▶ _Assignment_
In the data below, the copy begins at the line containing "Women's Givenchy 61mm" and runs through the last line; repeat those lines exactly, minus the pictures.

Provided material START

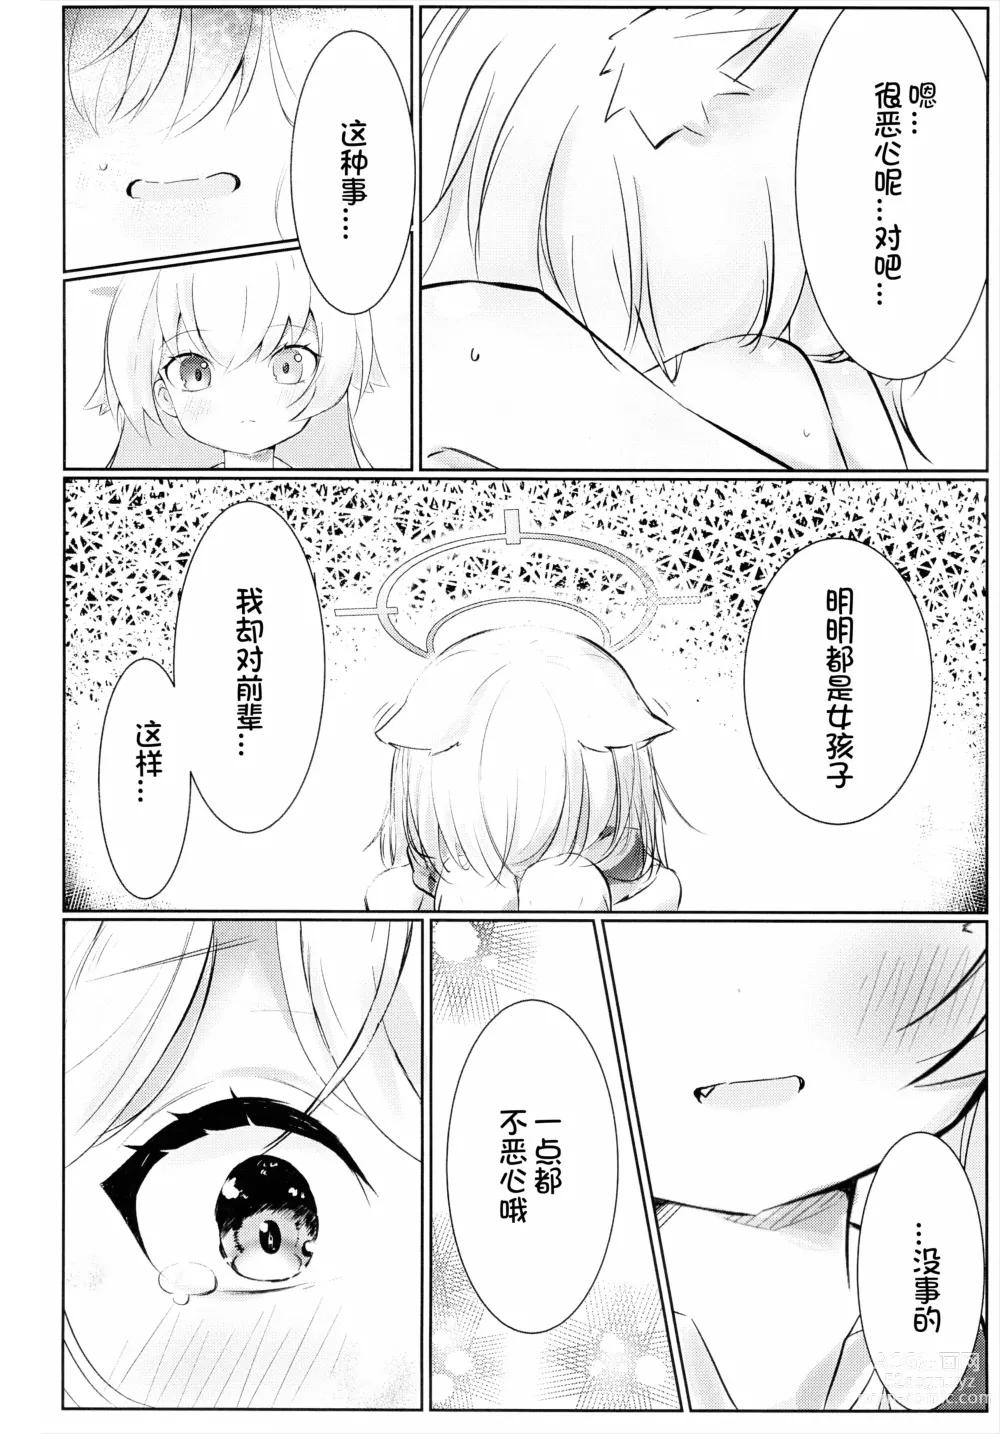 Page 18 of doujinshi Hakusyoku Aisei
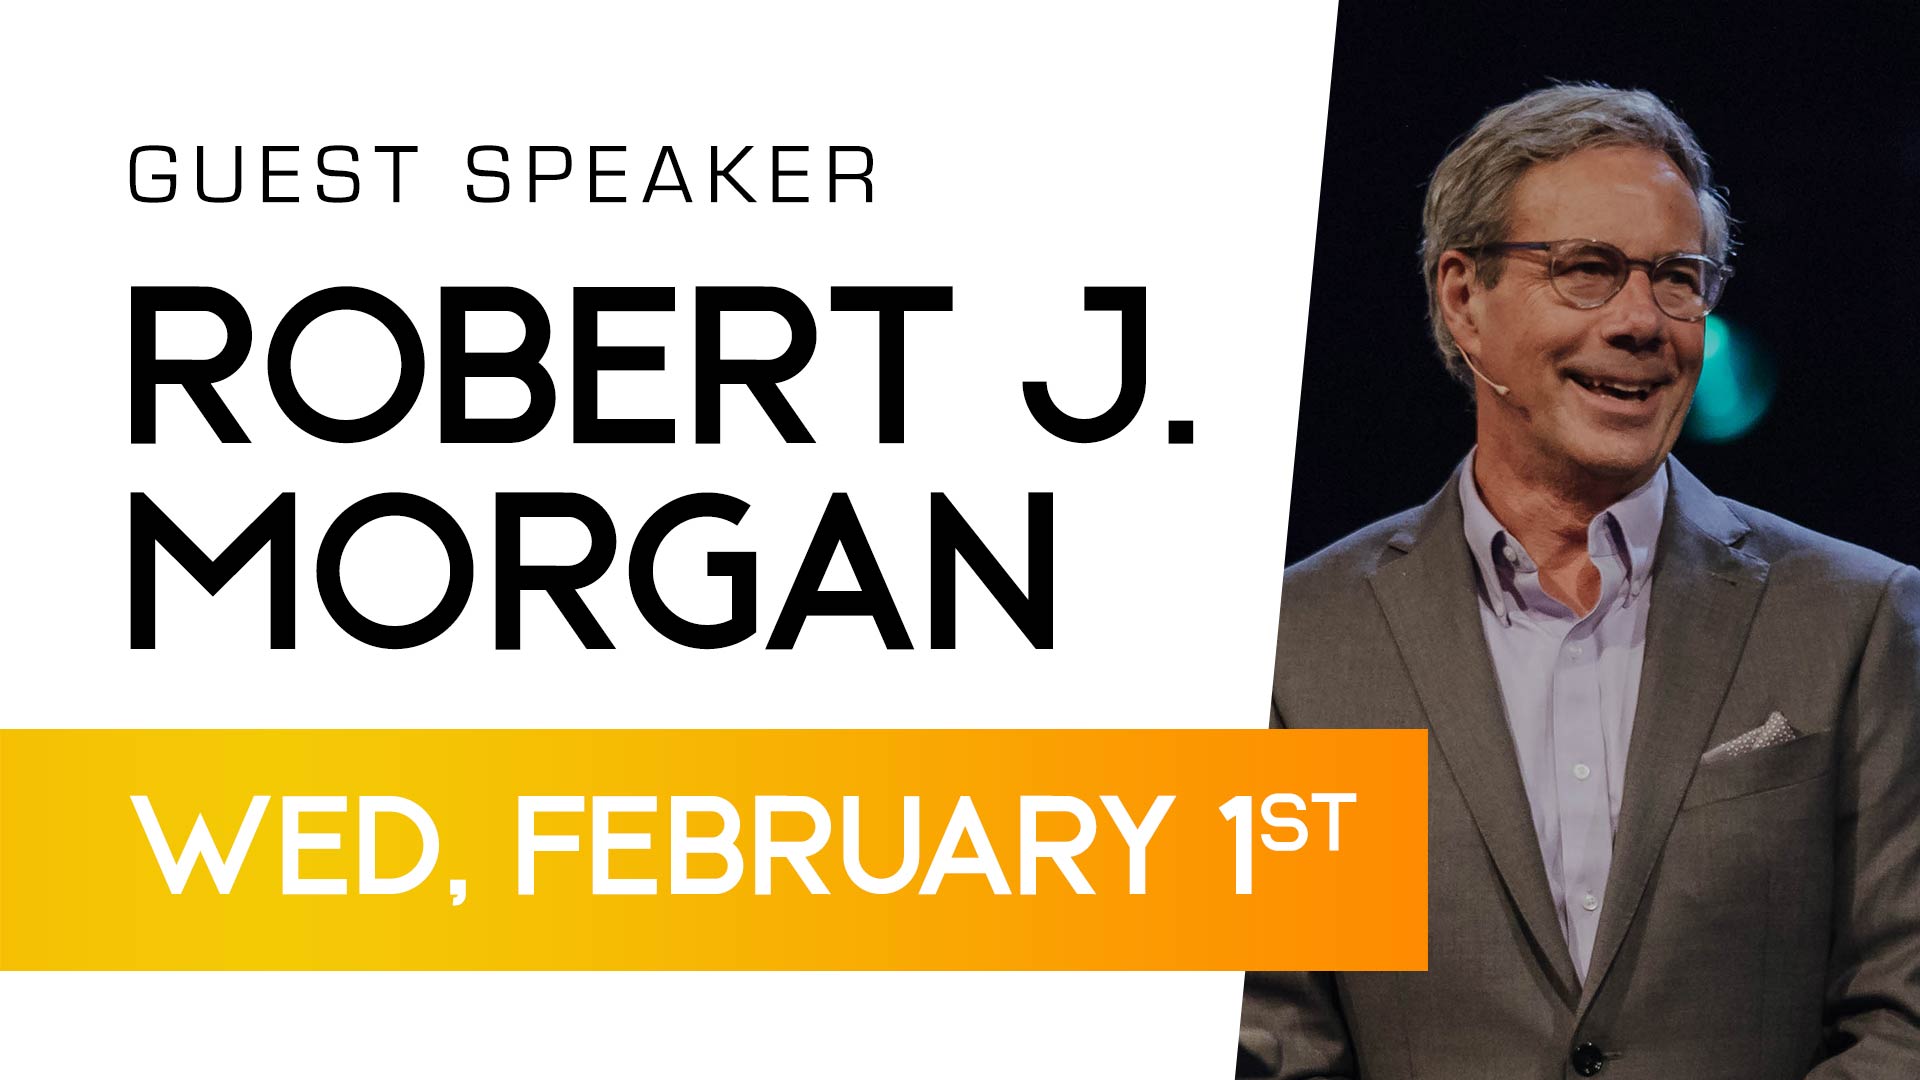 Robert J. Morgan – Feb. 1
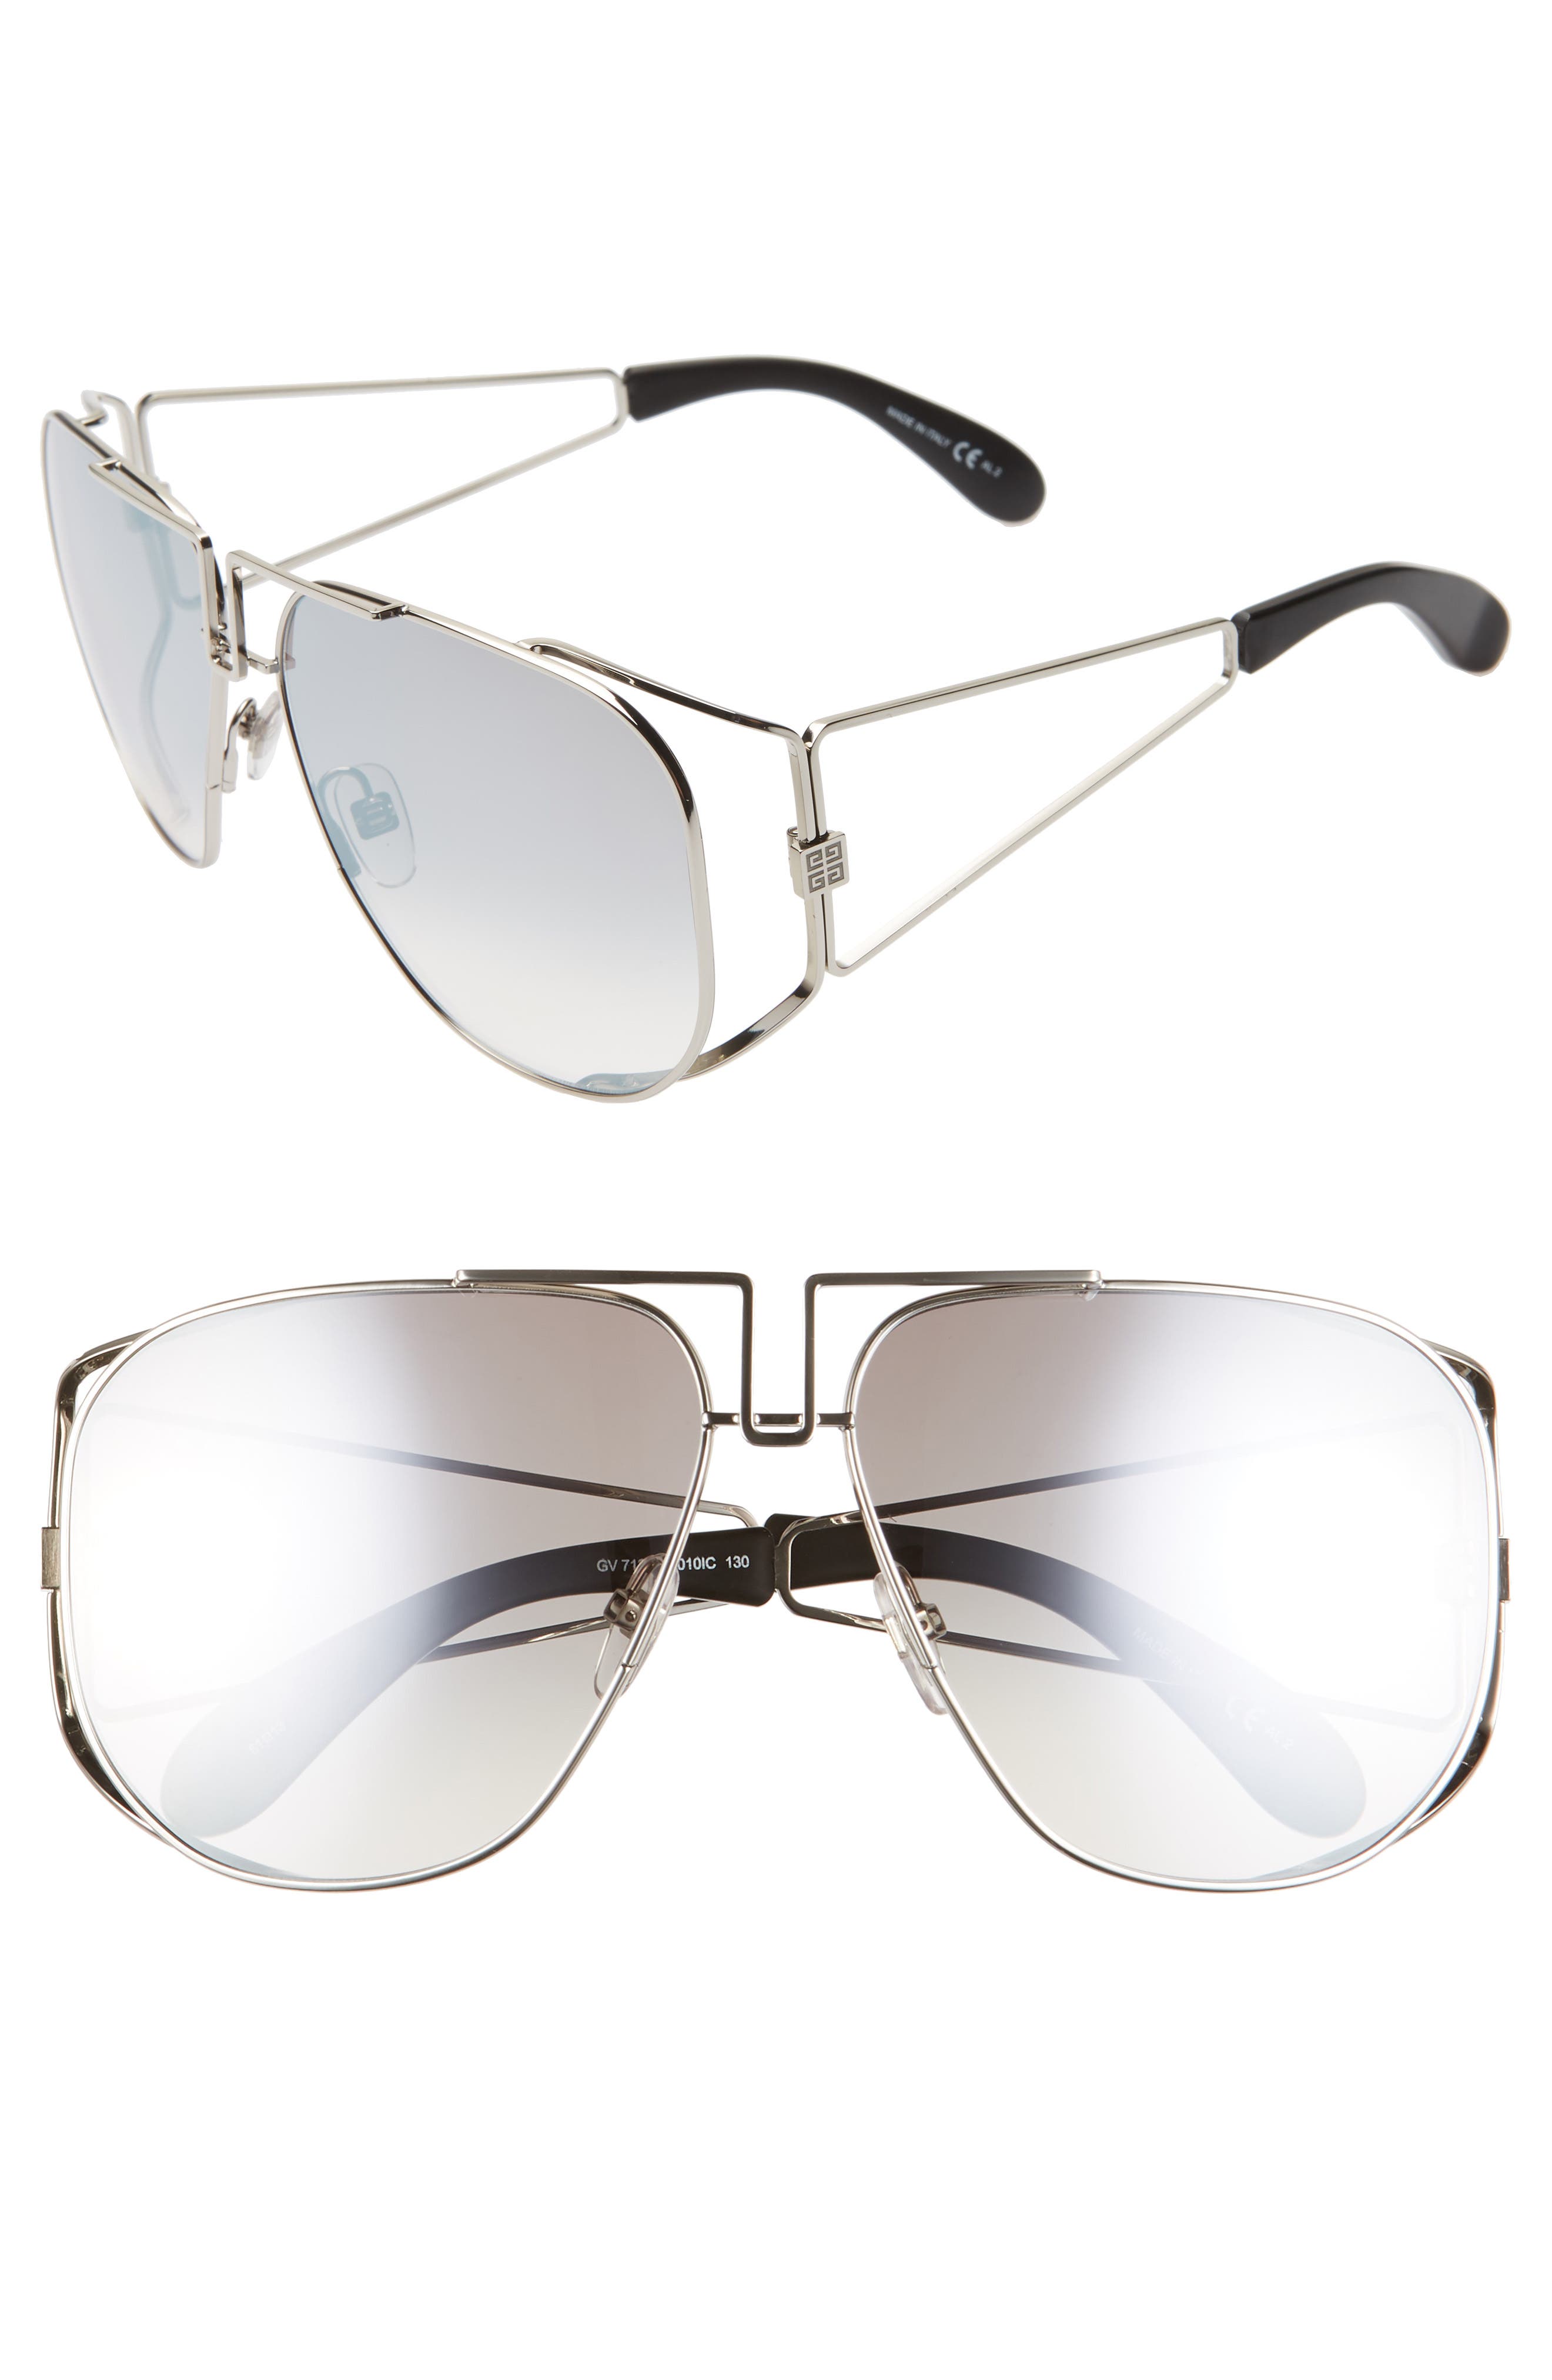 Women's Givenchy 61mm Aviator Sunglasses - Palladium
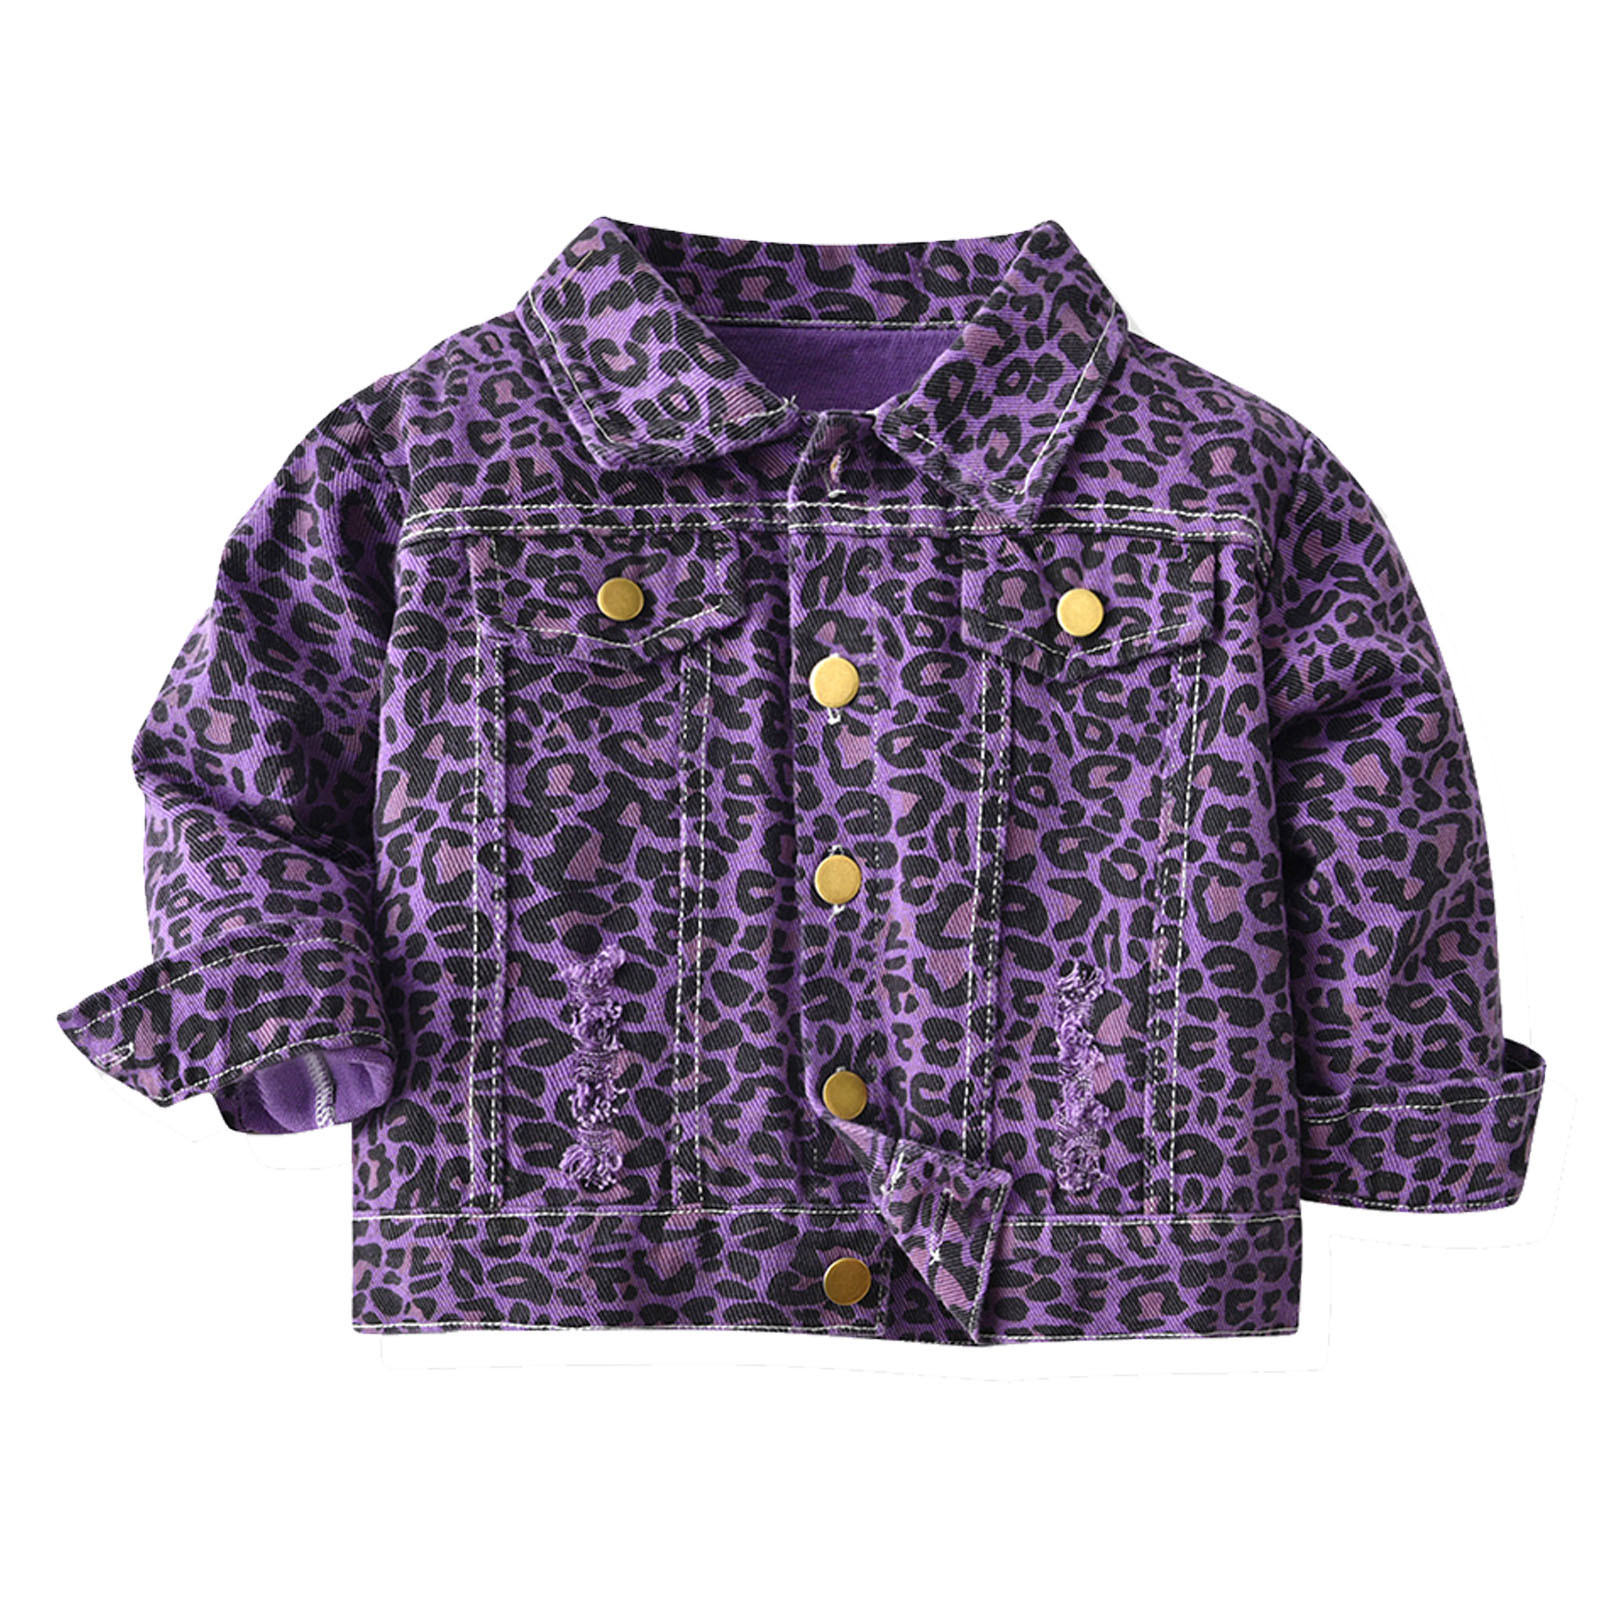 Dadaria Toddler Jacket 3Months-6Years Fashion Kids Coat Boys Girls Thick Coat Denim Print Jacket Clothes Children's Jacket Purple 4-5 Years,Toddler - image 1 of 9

Provided material END

▶ _Response area_
 Women's Givenchy 61mm Aviator Sunglasses - Palladium
 Dadaria Toddler Jacket 3Months-6Years Fashion Kids Coat Boys Girls Thick Coat Denim Print Jacket Clothes Children's Jacket Purple 4-5 Years,Toddler - image 1 of 9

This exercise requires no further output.